_Work order:_
Reproduce the entire listing exactly as written, apart from its pictures.

_Supplied material:_
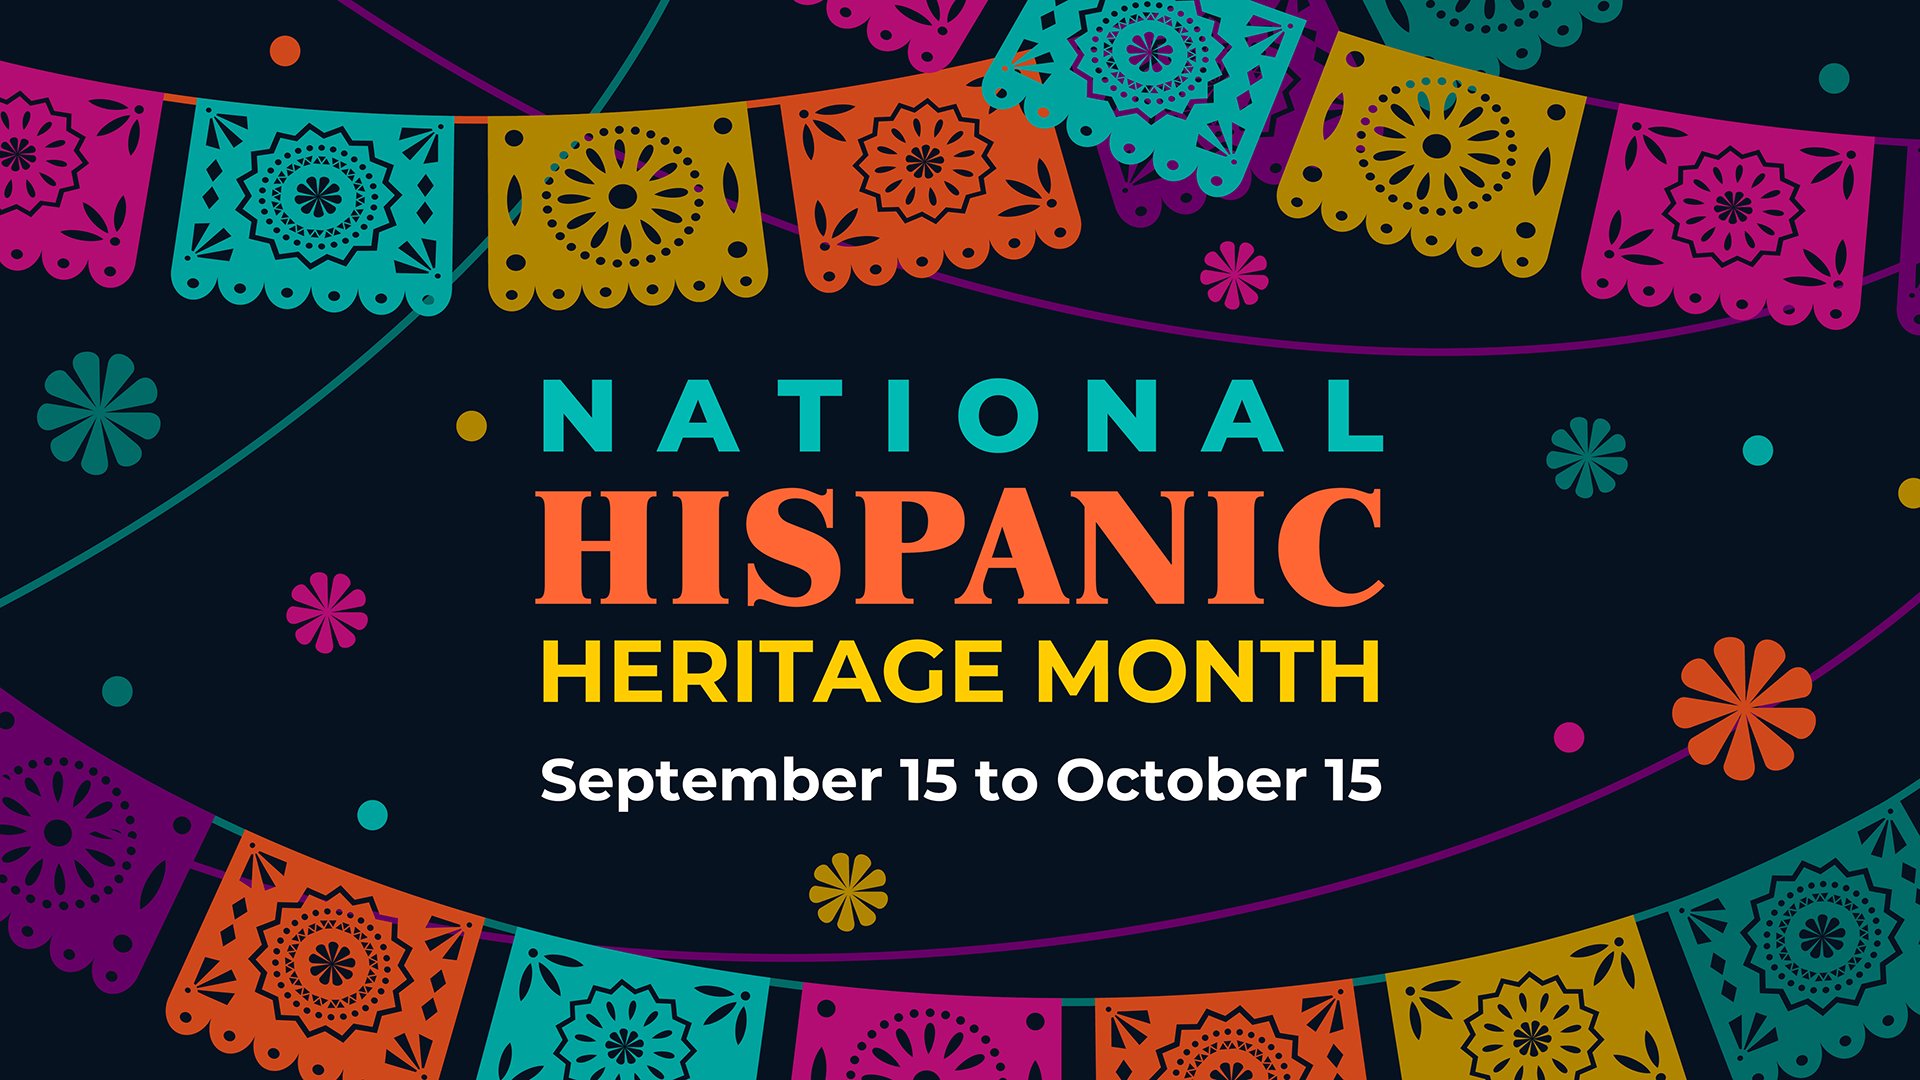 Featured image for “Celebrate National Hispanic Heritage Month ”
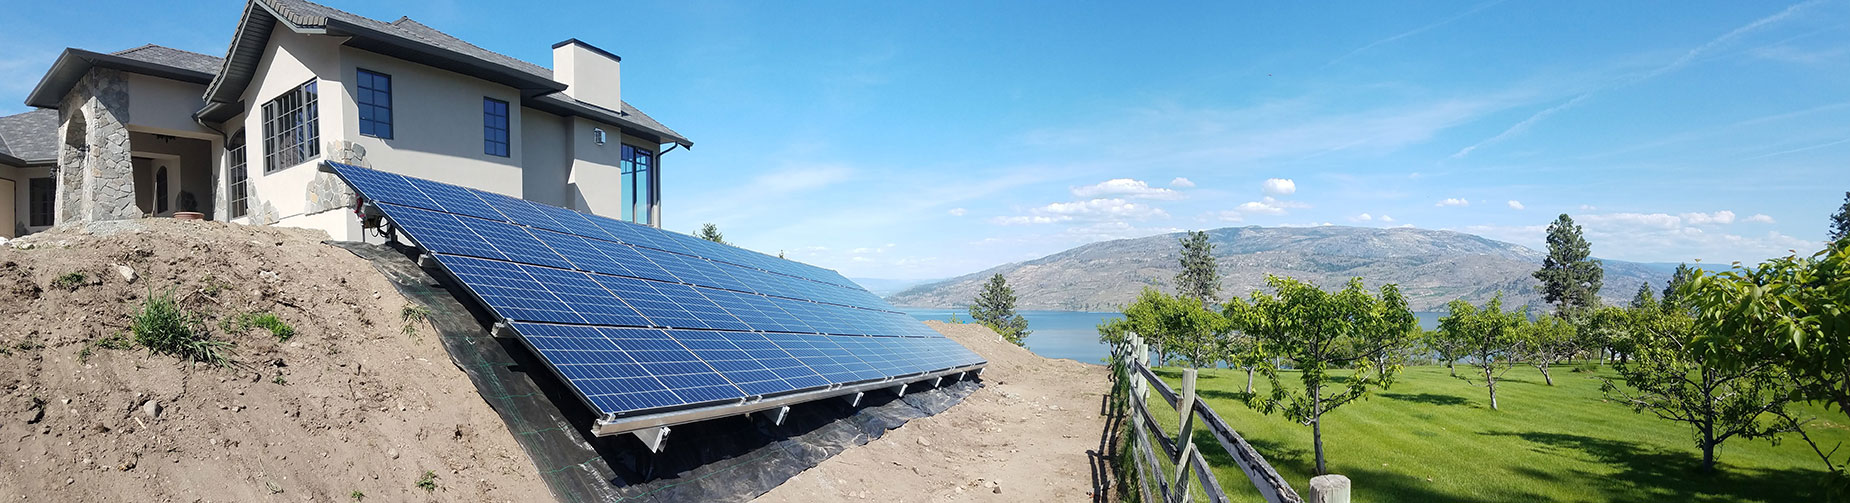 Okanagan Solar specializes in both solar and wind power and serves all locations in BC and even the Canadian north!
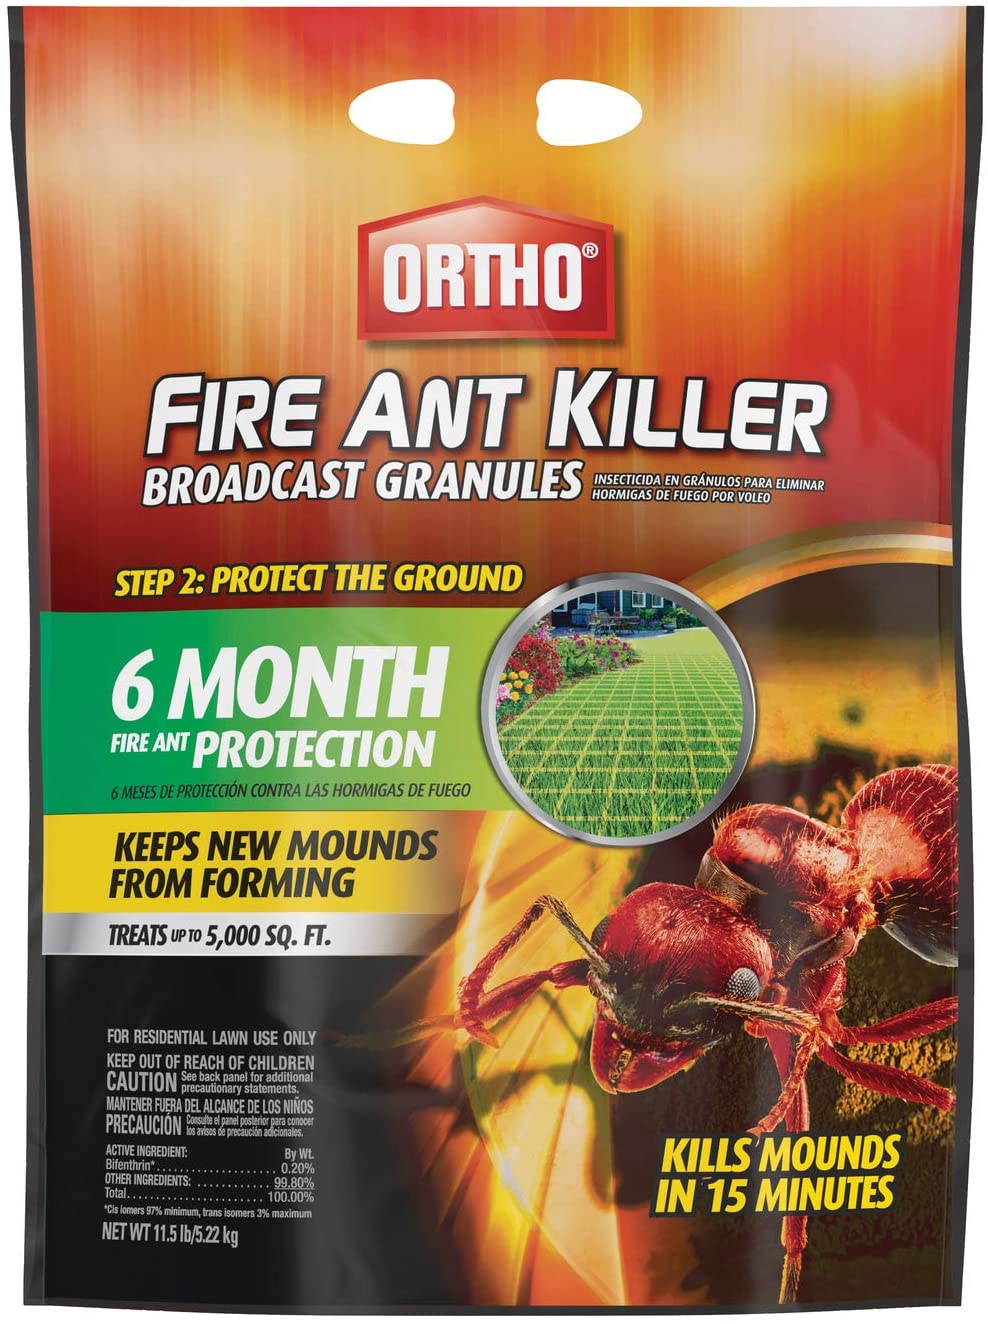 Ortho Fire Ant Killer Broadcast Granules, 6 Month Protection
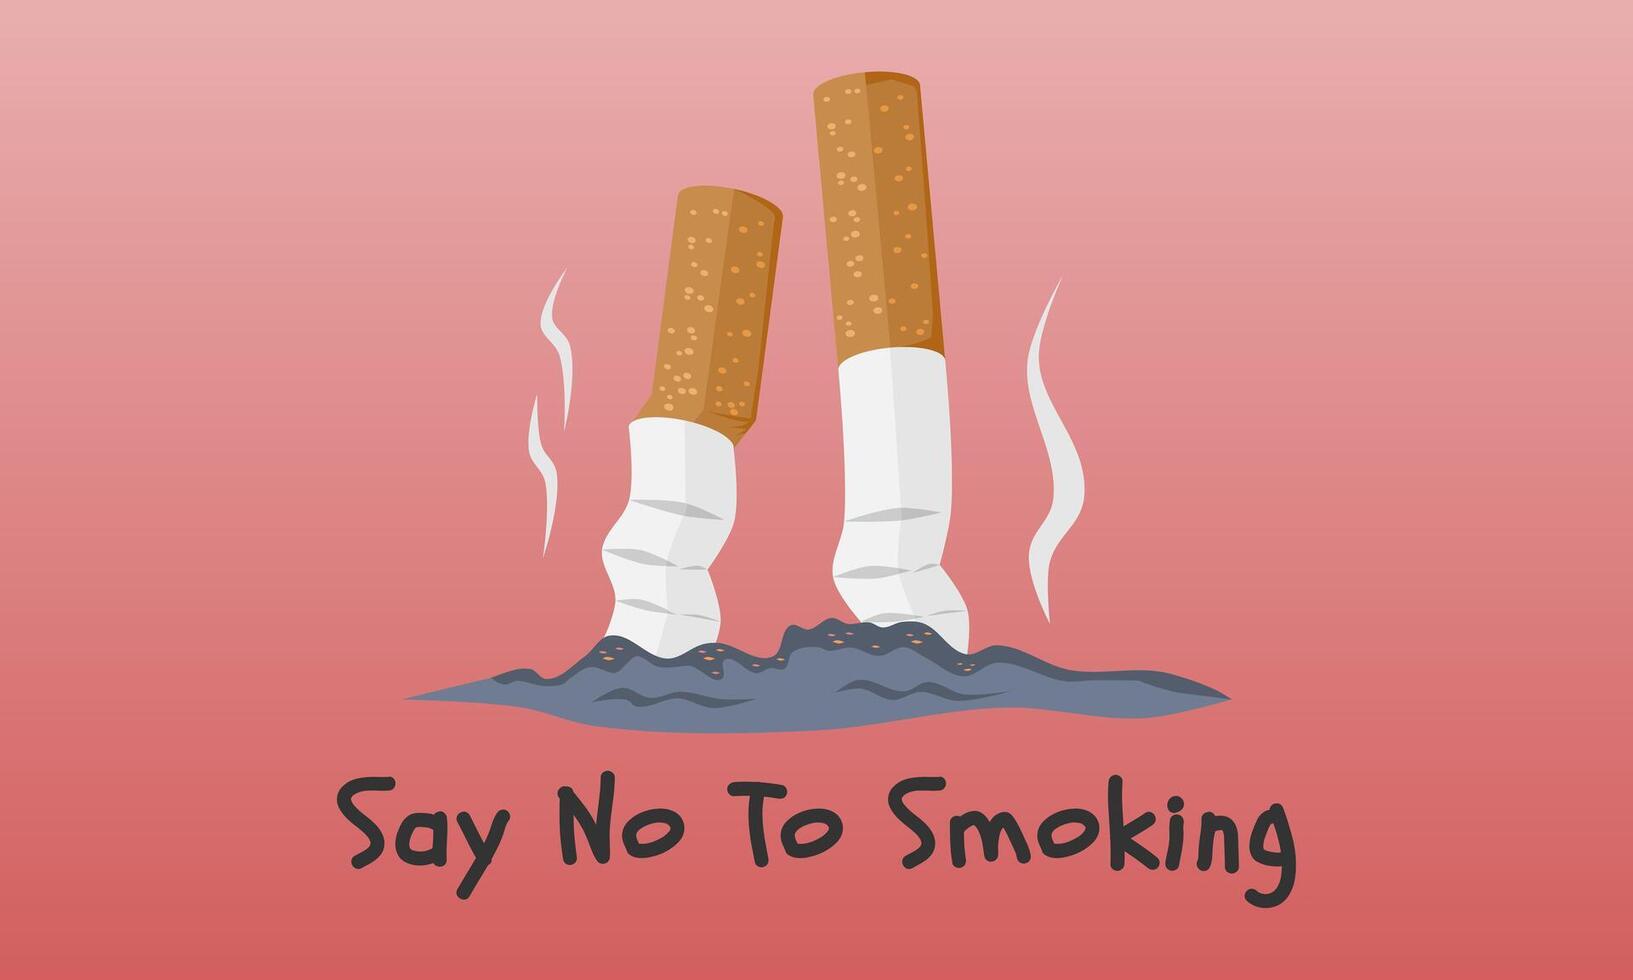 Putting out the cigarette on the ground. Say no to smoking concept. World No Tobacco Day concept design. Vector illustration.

_Answer:_
 Featured image for “Celebrate National Hispanic Heritage Month ”
 Okanagan Solar specializes in both solar and wind power and serves all locations in BC and even the Canadian north!
 Ortho Fire Ant Killer Broadcast Granules, 6 Month Protection
 Putting out the cigarette on the ground. Say no to smoking concept. World No Tobacco Day concept design. Vector illustration.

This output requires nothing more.